**SOURCE DATA:**
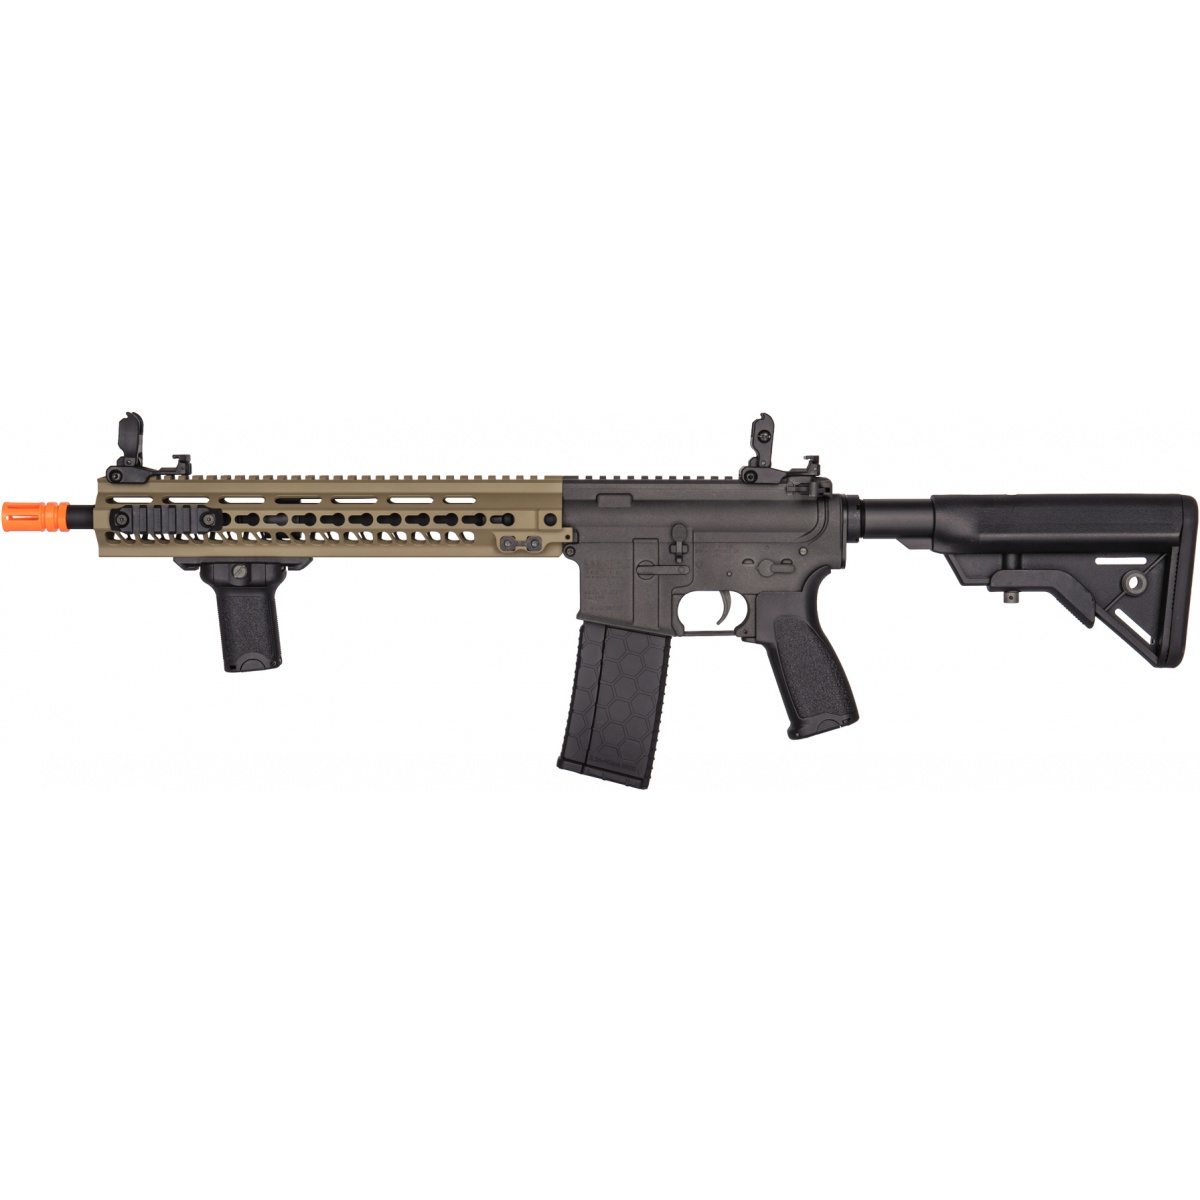  365 FPS Lightweight Durable Polymer AK-47 Tactical Airsoft  Spring Rifle - Black : Sports & Outdoors
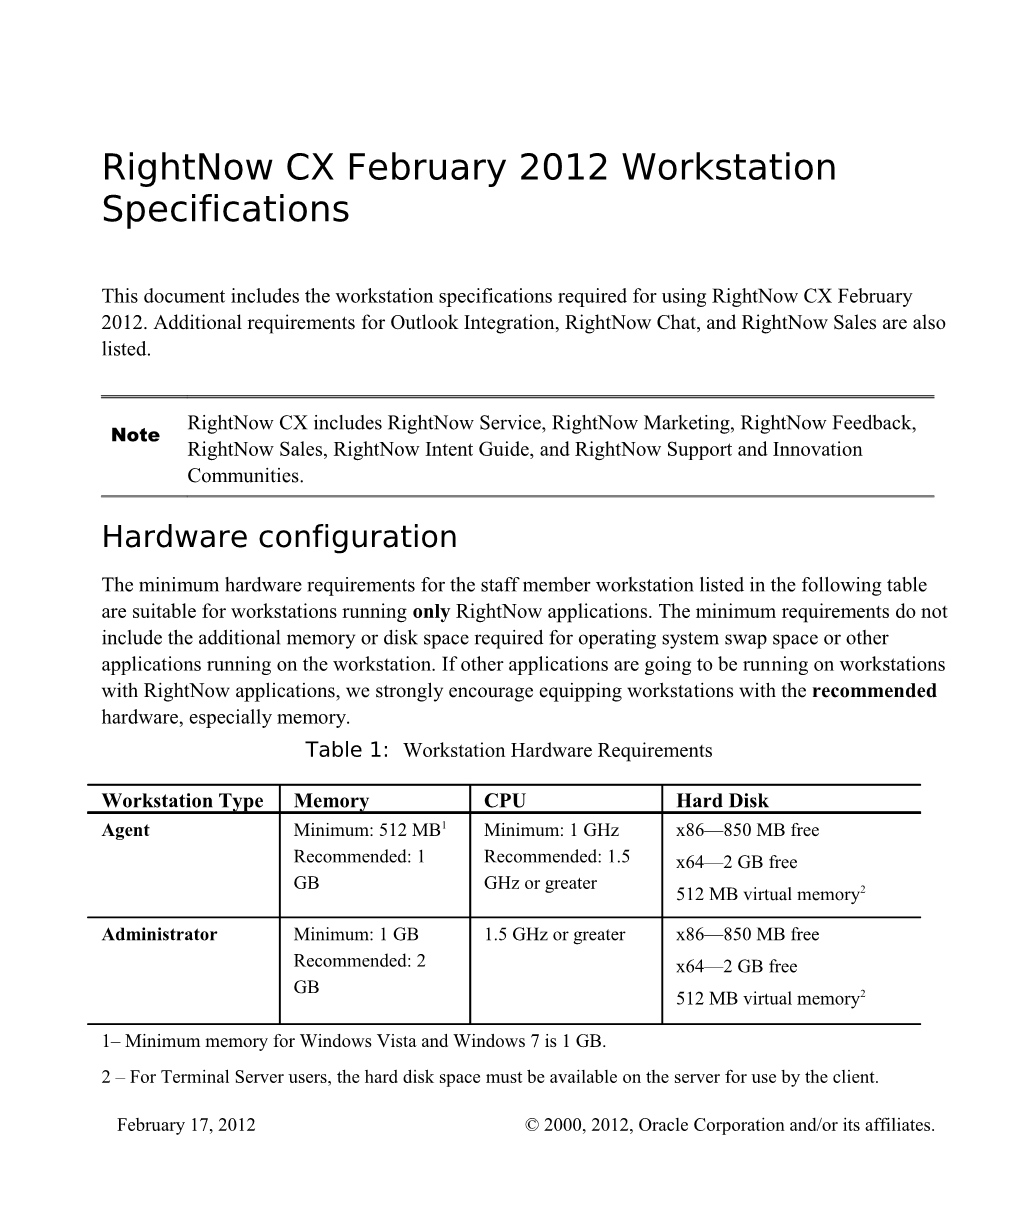 Rightnow CX February 2012 Workstation Specifications
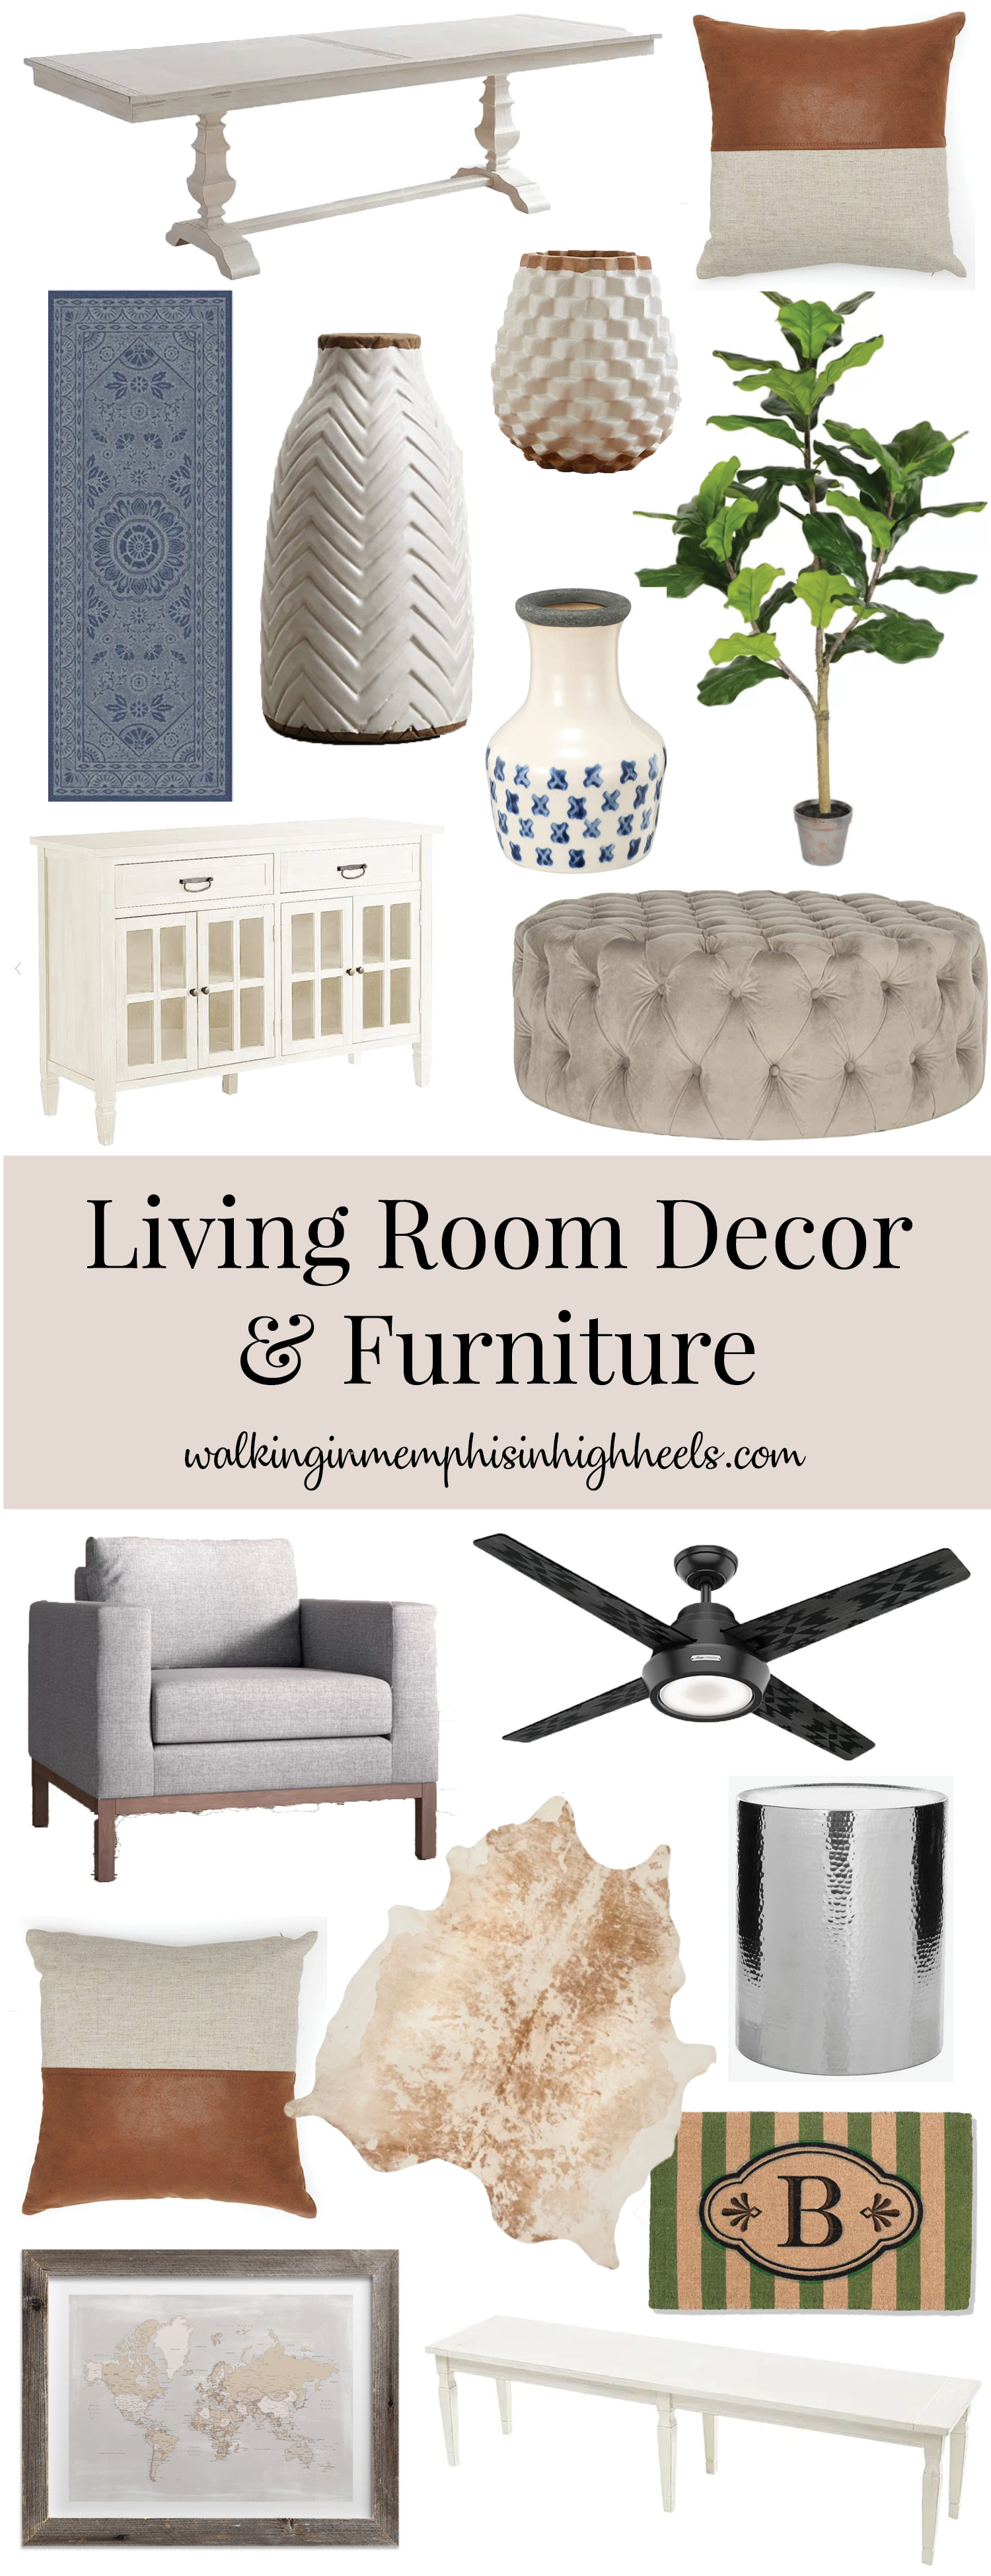 Living Room and Dining Room Furniture Top Picks featured by top Memphis lifestyle blog, Walking in Memphis in High Heels.

**WORK REQUIRED:** Set the material down exactly, images excluded.

**COMPLETED TASK:**
  365 FPS Lightweight Durable Polymer AK-47 Tactical Airsoft  Spring Rifle - Black : Sports & Outdoors
 Rightnow CX February 2012 Workstation Specifications
 Living Room and Dining Room Furniture Top Picks featured by top Memphis lifestyle blog, Walking in Memphis in High Heels.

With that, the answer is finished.